The paper “Event Extraction and Representation: A Case Study for the Portuguese Language” [6
] describes an event extraction system from Portuguese documents which is based on a pipeline of specialized natural language processing tools: namely part-of-speech tagging, dependency parsing, named entity recognition, semantic role labeling, and a knowledge extraction module. The developed system is evaluated with a corpus of Portuguese texts and compared with the existing tool LinguaKit [7
In the article “Spelling Correction of Non-Word Errors in Uyghur–Chinese Machine Translation” [8
], the authors describe three spelling correction methods based on machine translation by considering that most spelling problems are caused by out-of-vocabulary issues. The aim is to improve the quality of Uyghur–Chinese machine translation, by solving the out-of-vocabulary problem caused by Uyghur spelling errors in Uyghur–Chinese machine translation.

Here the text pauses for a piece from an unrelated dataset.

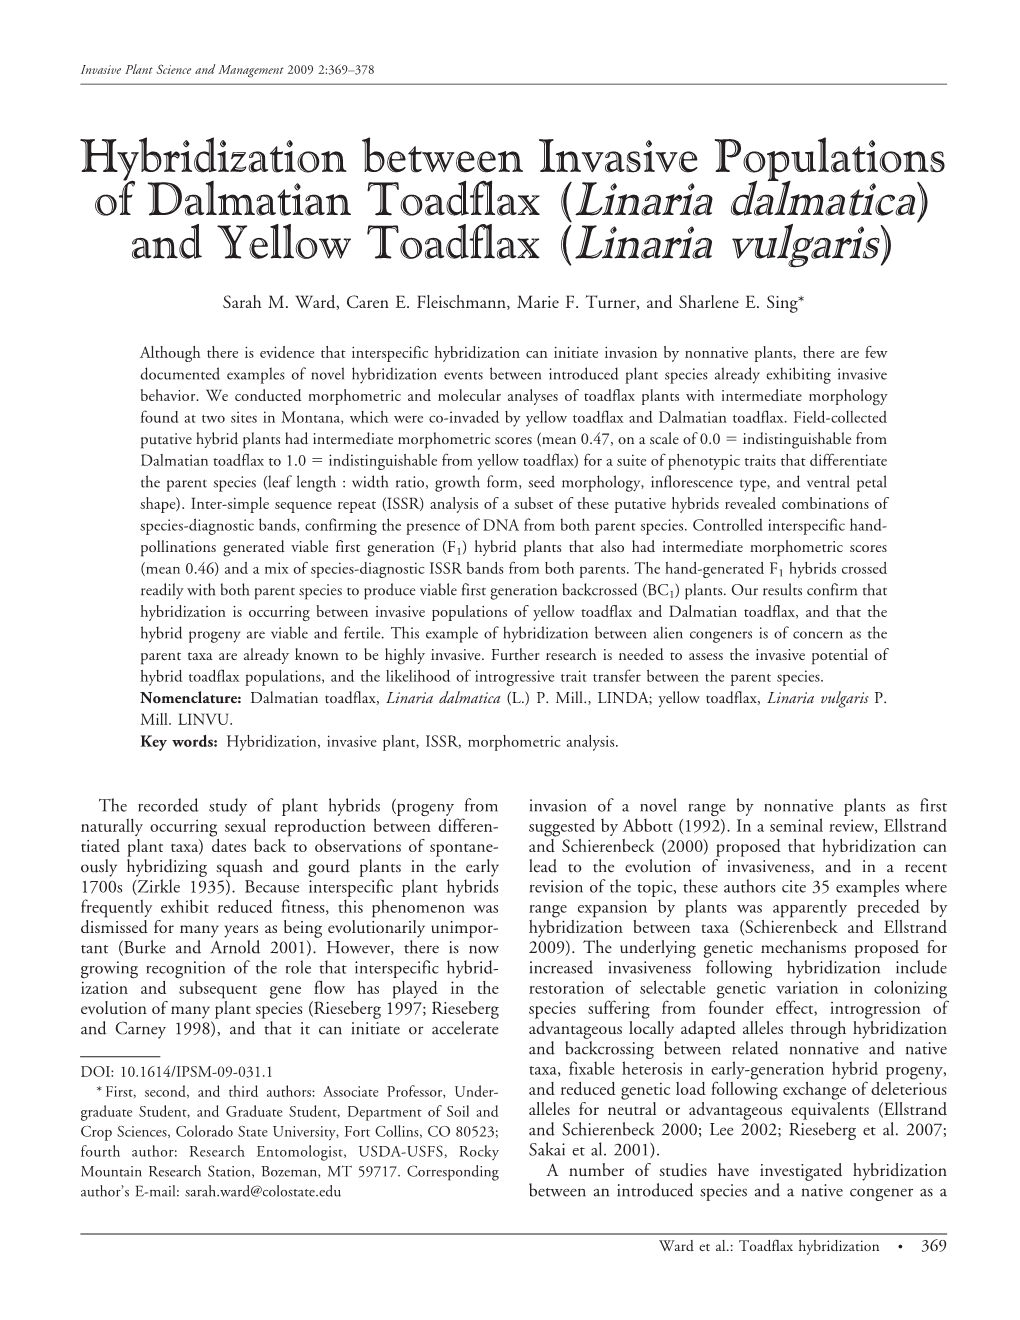 Hybridization Between Invasive Populations of Dalmatian Toadflax (Linaria Dalmatica) and Yellow Toadflax (Linaria Vulgaris)

The paper “An Improved Word Representation for Deep Learning Based NER in Indian Languages” [9
] describes a named entity recognition system based on deep learning approaches for Indian languages. For this purpose, they use a novel combined word representation, including several levels of embeddings, namely character-level, word-level, and affix-level embeddings.
Finally, the article “Istex: A Database of Twenty Million Scientific Papers with a Mining Tool Which Uses Named Entities” [10
] describes how to enrich the Istex project by allowing queries on named entities contained in scientific papers. More precisely, this paper describes the implementation of a text mining tool which uses the recognition of named entities for the open access resource Istex, a French database of twenty million scientific papers.
As a whole, the articles published in this special issue are an interesting contribution at the intersection between NLP and TM, giving special relevance to the analysis and application of state-of-the-art technologies in different languages.